That's Legal?!

by Anonymous



Category: Harry Potter - J. K. Rowling
Genre: M/M, Multi, another foursome implied
Language: English
Status: Completed
Published: 2019-10-28
Updated: 2019-10-28
Packaged: 2021-01-05 20:18:17
Rating: Not Rated
Warnings: No Archive Warnings Apply
Chapters: 1
Words: 1,215
Publisher: archiveofourown.org
Story URL: https://archiveofourown.org/works/21214472
Author URL: https://archiveofourown.org/
Summary: Harry has anenlighteningconversation with his family.





	That's Legal?!

**Author's Note:**

  * For [trashgoblinwizardparty](https://archiveofourown.org/users/trashgoblinwizardparty/gifts).
  * In response to a prompt by [trashgoblinwizardparty](https://archiveofourown.org/users/trashgoblinwizardparty/pseuds/trashgoblinwizardparty) in the [October_Flash_Fest_Part_Two](https://archiveofourown.org/collections/October_Flash_Fest_Part_Two) collection. 

> **Prompt:**
> 
> [transcribed and modified from a tumblr post]
> 
> lily, pointing to james: "that's my boyfriend"  
lily, pointing to sirius: "that's my boyfriend's boyfriend"  
lily, pointing to remus: "that's my boyfriend's boyfriend's boyfriend...and also my boyfriend"

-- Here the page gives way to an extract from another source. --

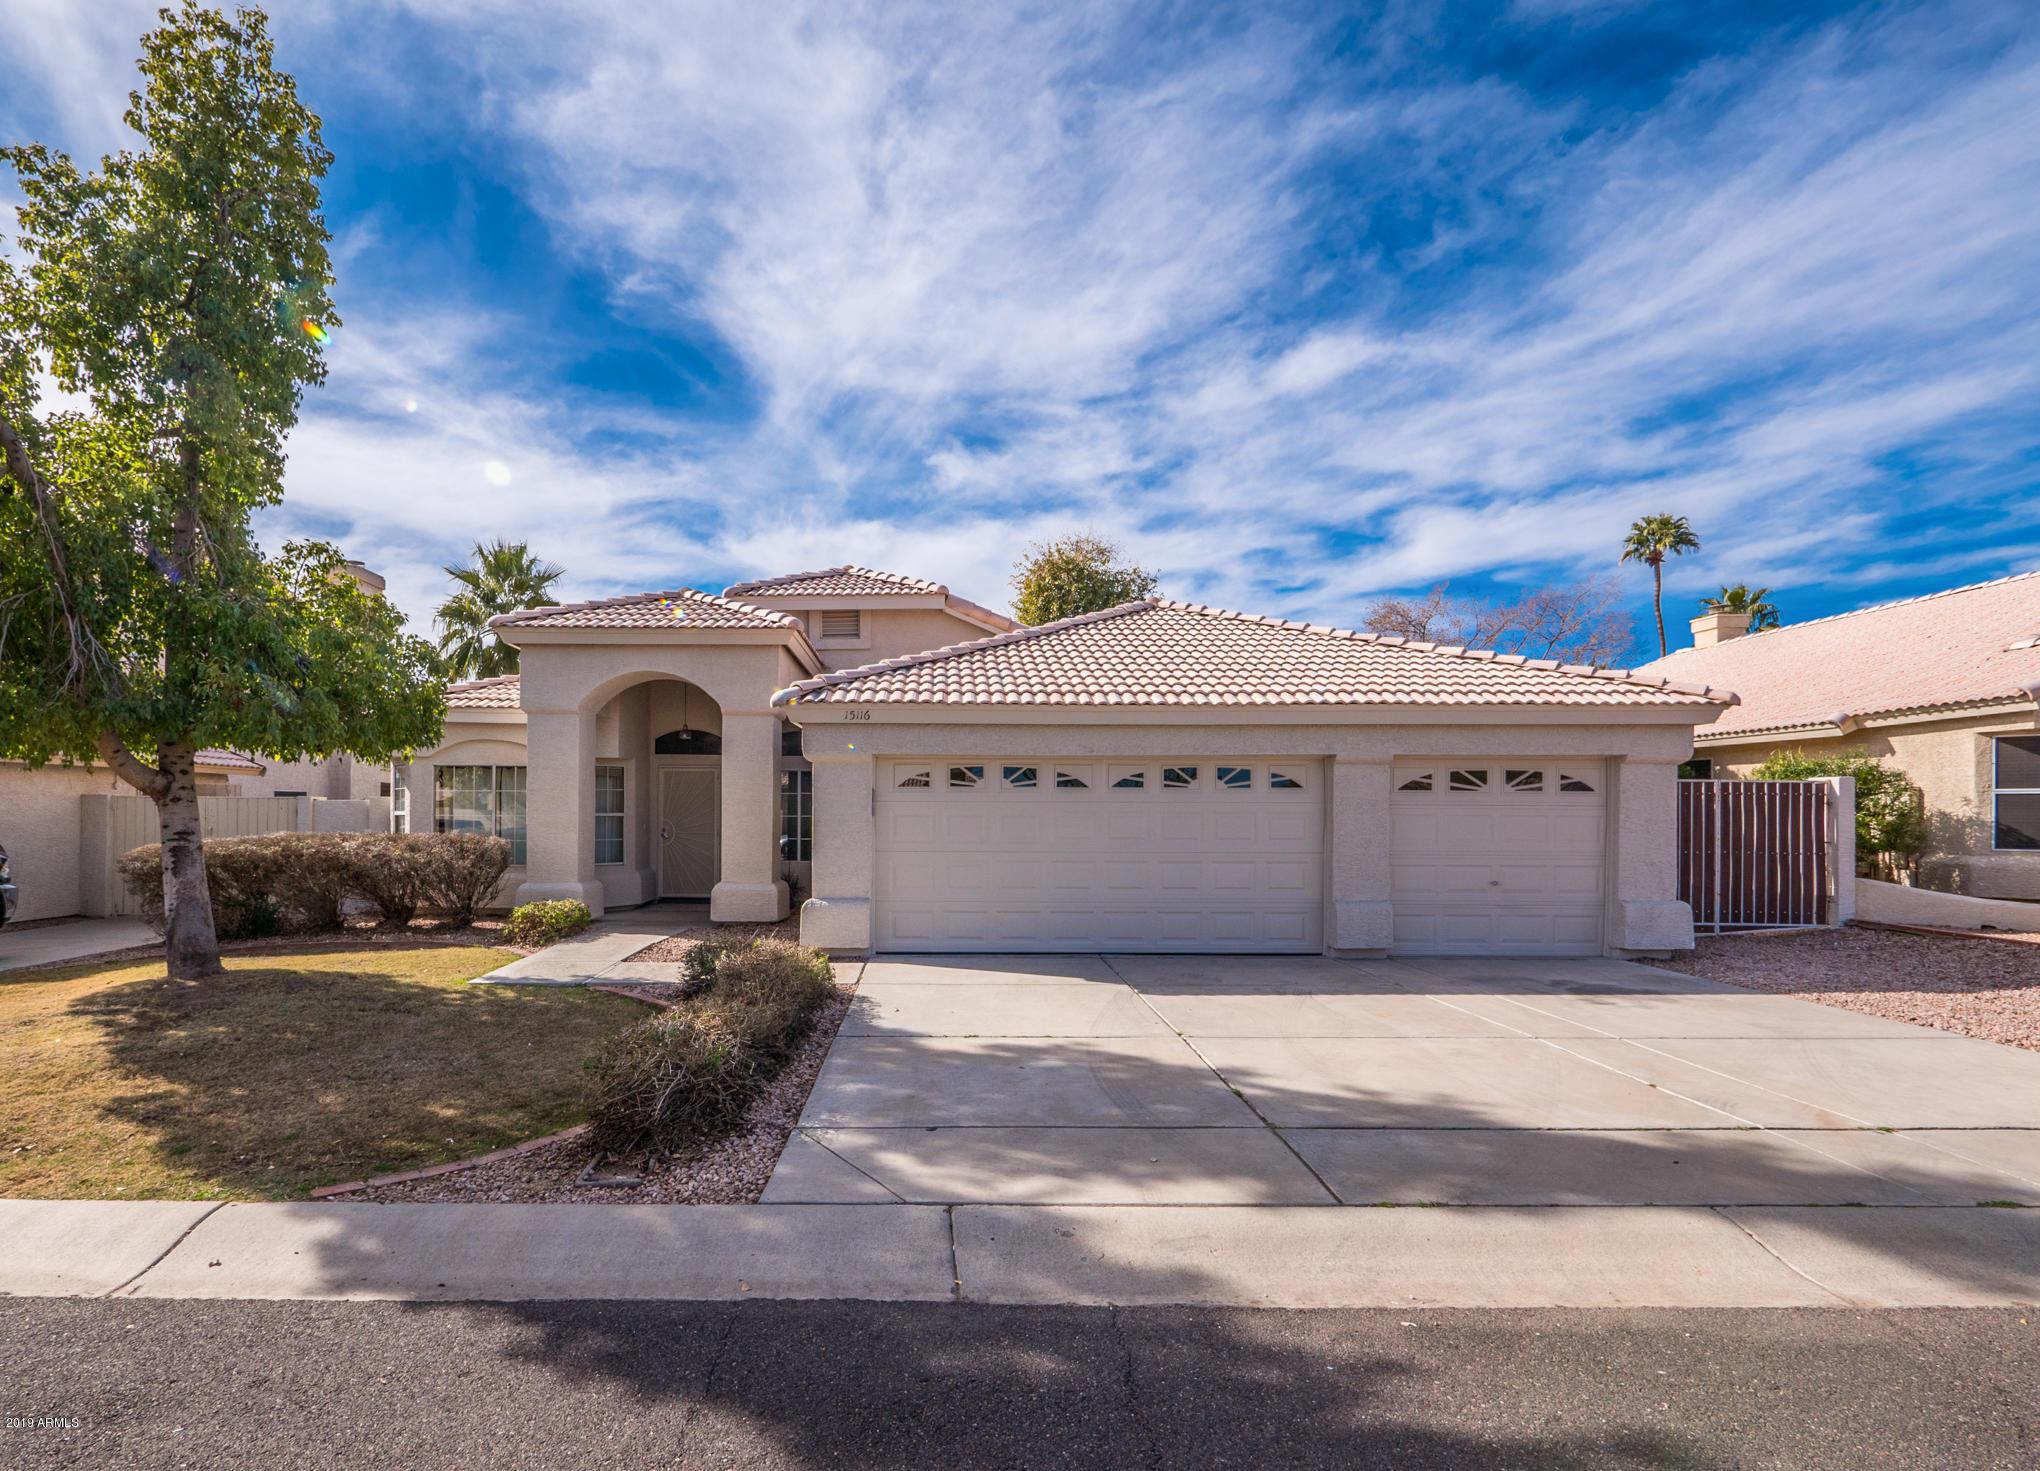 15116 N 90TH Avenue, Peoria, Arizona

When Harry is six, he thinks he just has a very big family. Like Ginny often goes out with Ron, and then with Percy, and then Percy will go out with Ron, and how Fred and George are always together.

Family sticks together, like glue and sticky rice. Mum is always with Dad and Moony, Dad is always with Paddy and Paddy is with Moony too.

When Harry is eight and afraid of getting cooties is he plays with Gin-gin and Luna, Mum and Paddy laugh while Dad and Remus wince. That day, Dad and Moony tell him that cooties go away when girls grow up, like his old teeth fell away and new came in. Harry nods dubiously, still not convinced. Paddy agrees with him. If cooties go away like old teeth, does that mean new cooties come in like new teeth?

When Harry is eleven, he gets suspicious of all sneaking around that goes around the house that everyone ignores. His father is an Auror, and noticing such things is something he has learnt since dad started taking him to work.

He asks his dad about it: "Why is everyone sneaking around like sneaky snakes? You said you were Gryffindors?" Green eyes narrow with suspicion and his dad chokes on laughter.

"We sneak around so we can show the snakes we're better at being sneaky than them and they should all just become lions instead," dad explains and Harry shakes his head.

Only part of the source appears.